Normally I use this blog to tell stories of a very technical nature. However, a recent experience has led me in a very different direction. I want to talk informally about what it takes to prepare for a data quality project.
[tweetmeme source=”dqchronicle” only_single=false http://wp.me/prD2R-ep]
First and foremost, there needs to be a catalyst for starting a data quality project. Typically this usually takes the form of anecdotal tales of woe from data consumers trying to use enterprise data. From these anecdotes can be extracted a series of problem areas that need to be addressed. For instance, if marketing director complains that direct marketing campaign costs are rising due to mailing multiple mailers to one address, then there is the identification of the need to perform household analysis and consolidation. In a large enterprise, interviews need to be conducted to gather these stories and reduce them to a set of data quality operations.
This is in contrast to kicking off a data quality project without capturing these requirements. Data quality is many things to many organizations and requires focus to be most effective. Failure to log the details on the various anecdotes is a failure in being prepared to start a data quality project.

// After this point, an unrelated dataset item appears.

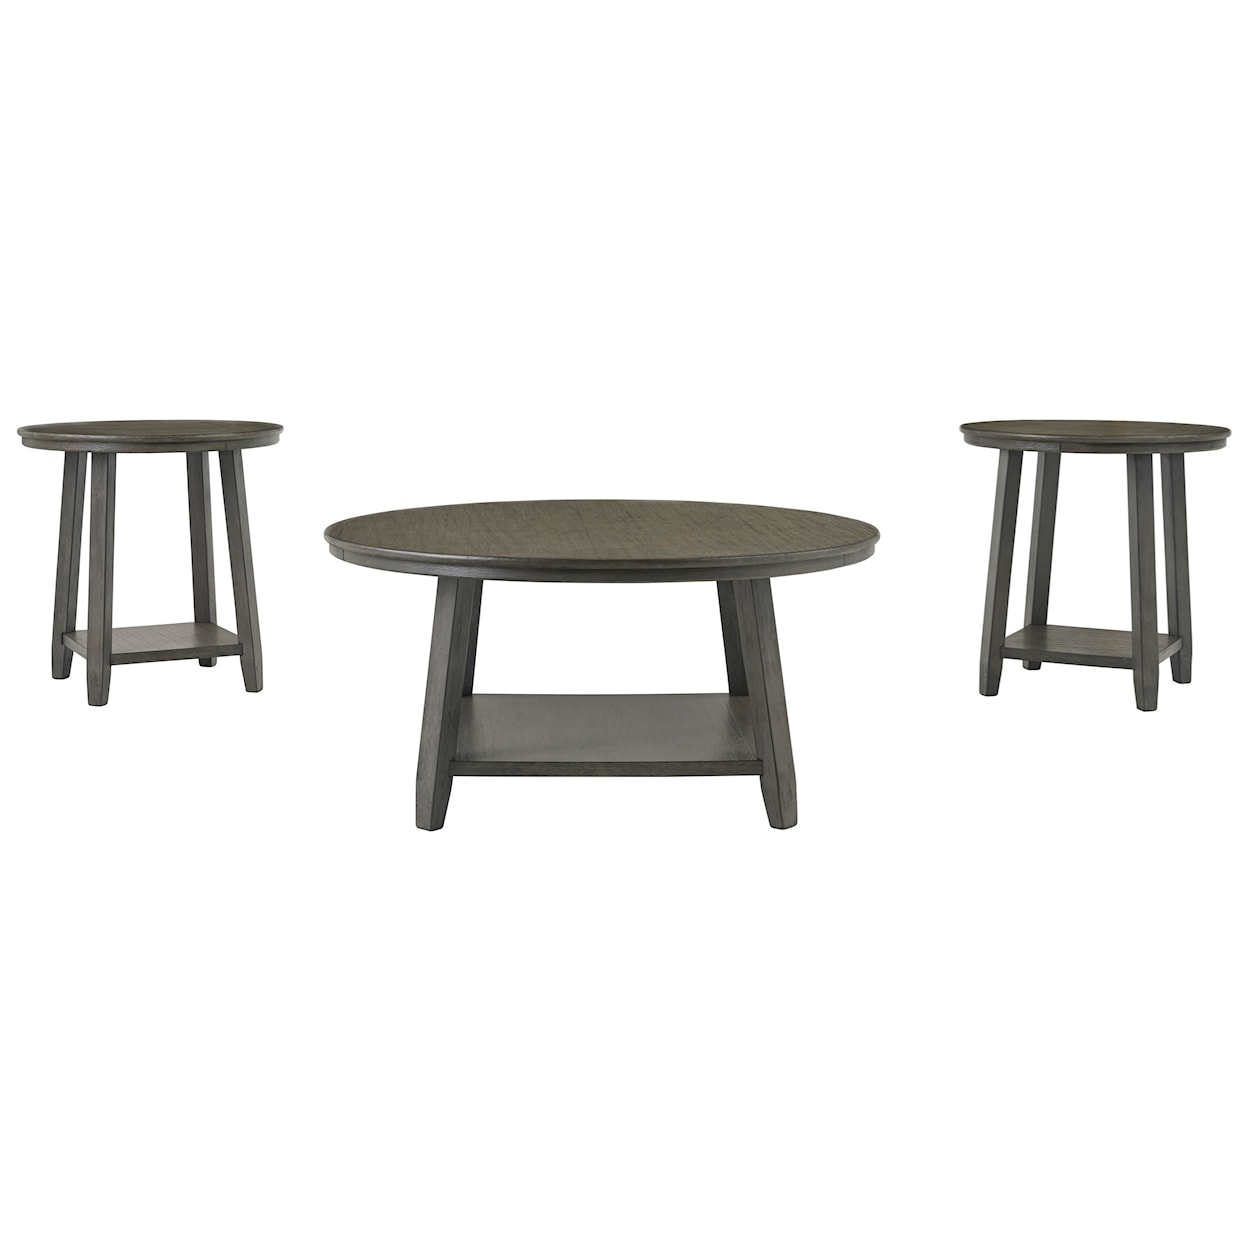 Ashley Furniture Signature Design Caitbrook Occasional Table Set

Another essential aspect of preparing for a data quality project is defining what data is in scope. This requirement is highly coupled with the reasons for undetaking the effort. In other words, if the marketing department is the business unit questioning the usability of the data then it is logical to focus on the data that deals with customer and customer contact details.

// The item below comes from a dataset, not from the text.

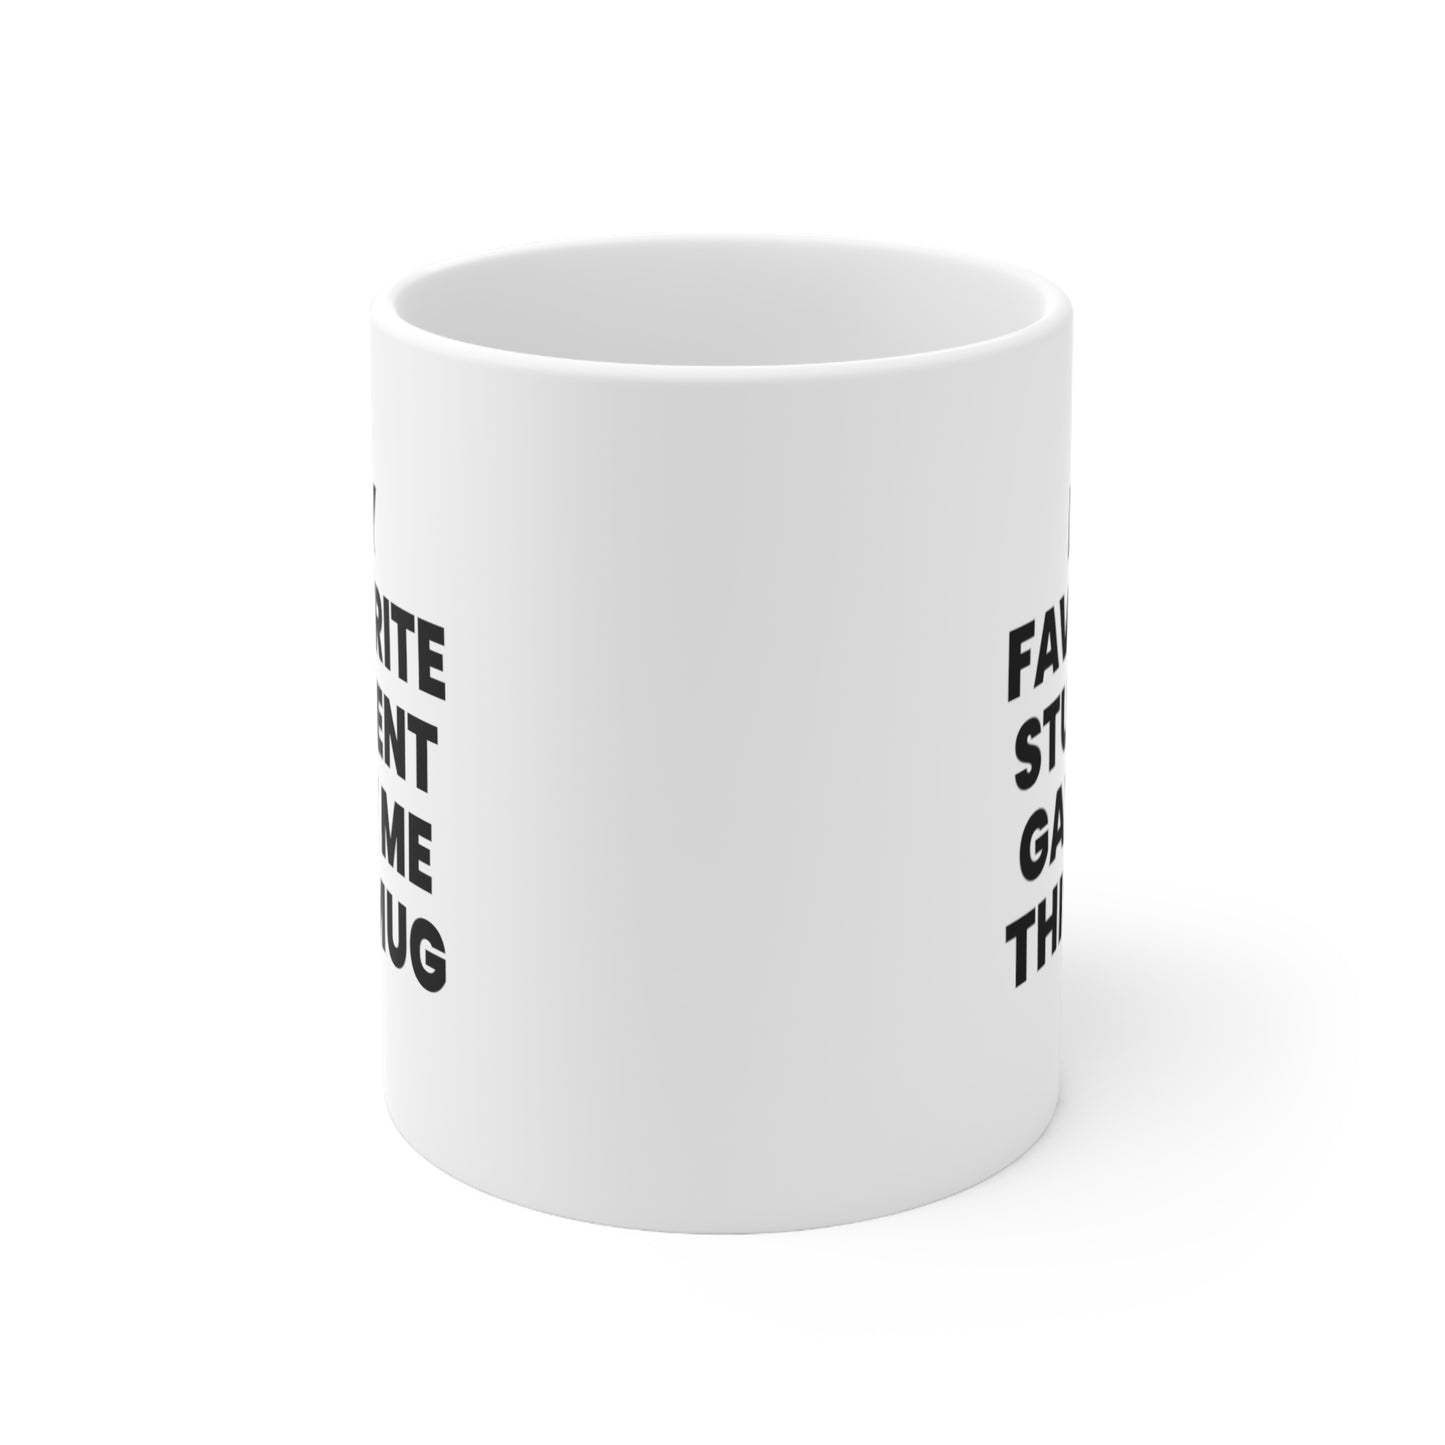 My Favorite Student Gave Me This Mug Coffee Cup 11oz

This is in contrast to defining a source system as the in-scope parameter of the data quality project. I’ve rarely come across an enterprise source system that consisted of less than a thousand tables with countless data elements. Failure to detail the data elements in question is a failure in being prepared to start a data quality project.
A final essential requirement to any data quality project is a data quality environment which consists of an application server with the required software and data connections. I can’t say how many times this requirement is overlooked. Due to typcial enterprise requisition processes, this step needs to be initiated prior to engaging a team to conduct data quality effort. I’ve spent weeks waiting for hardware to do the analysis on and even longer waiting for the data. In some cases, this hardware can reside outside of the organizational structure. If this is the case, it is most advisable to obtain the required permission to have the data exist outside the corporate firewall.

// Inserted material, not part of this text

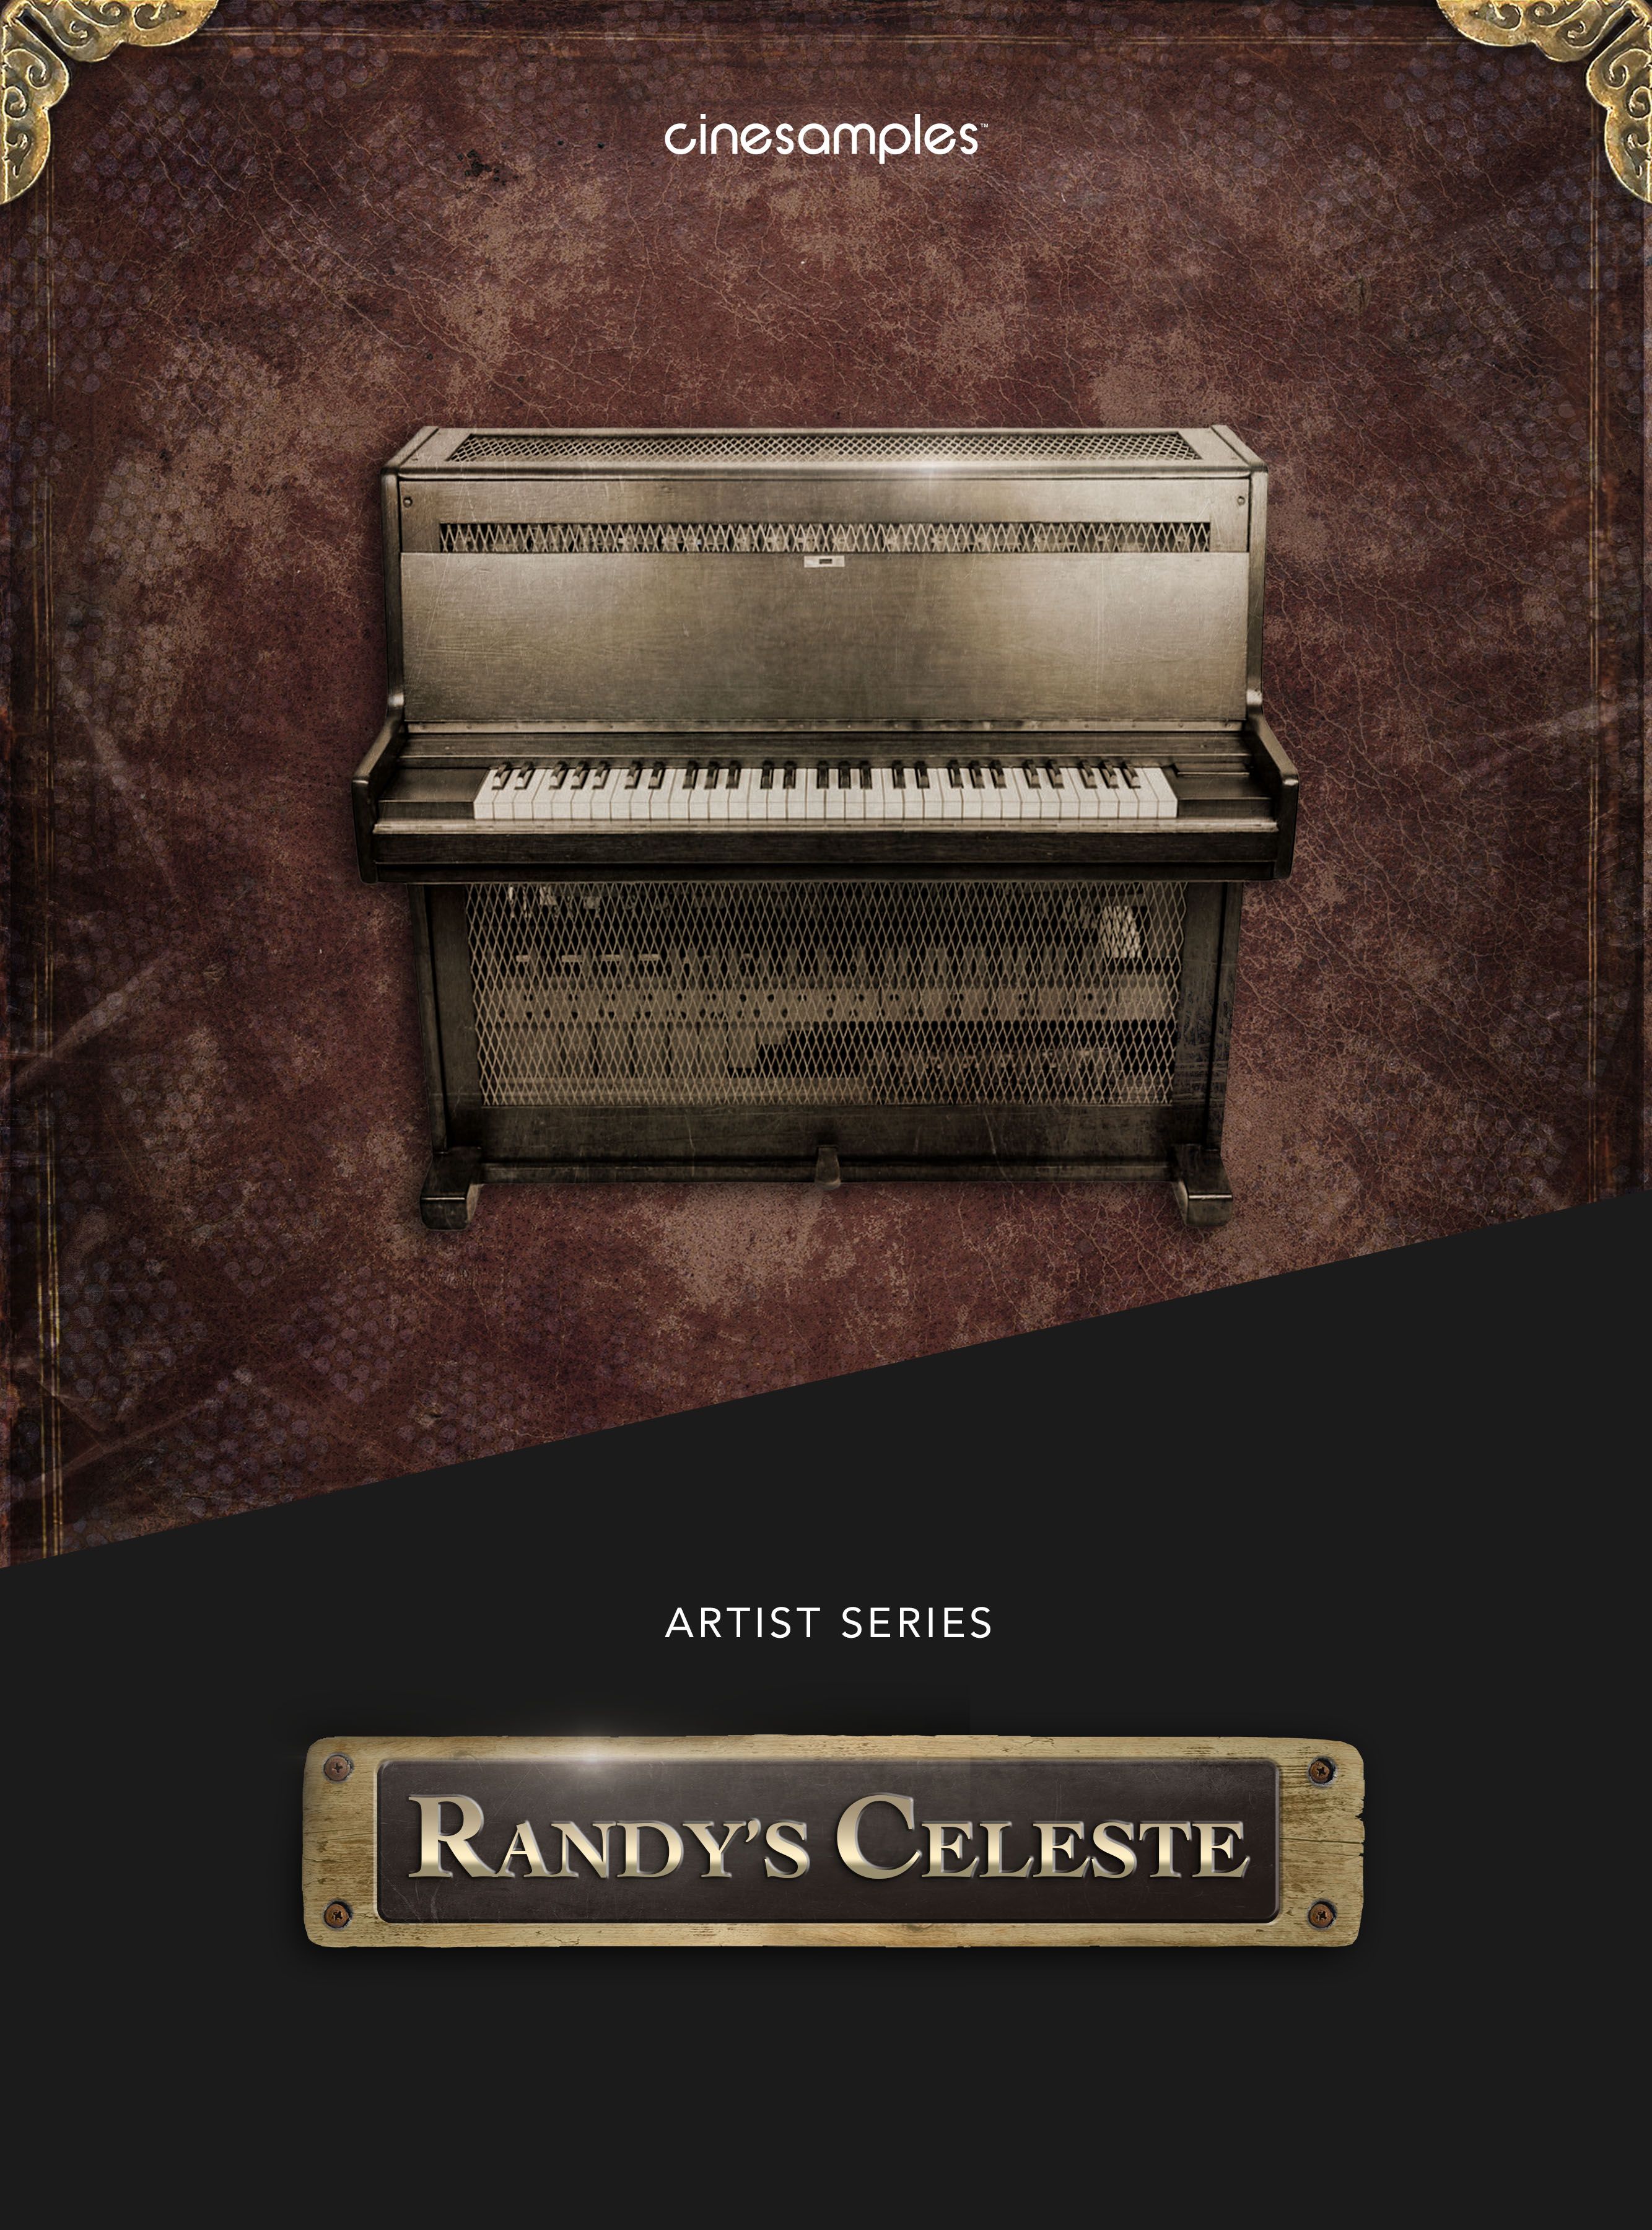 Randy's Celeste

In short, before you decide to start a data quality project know why, what, and where you are going to do the analysis. I know this may sound obvious but, believe me, it is not. I’ve spent so much time tracking these three pieces of criteria that I have started development on a data quality project checklist that will be included in various project initiation documents such as proposals and statement of work.
Let this post be a warning signal to corporate sponsors and data quality practioners alike when you decide to start a data quality project, get ready ’cause here I come!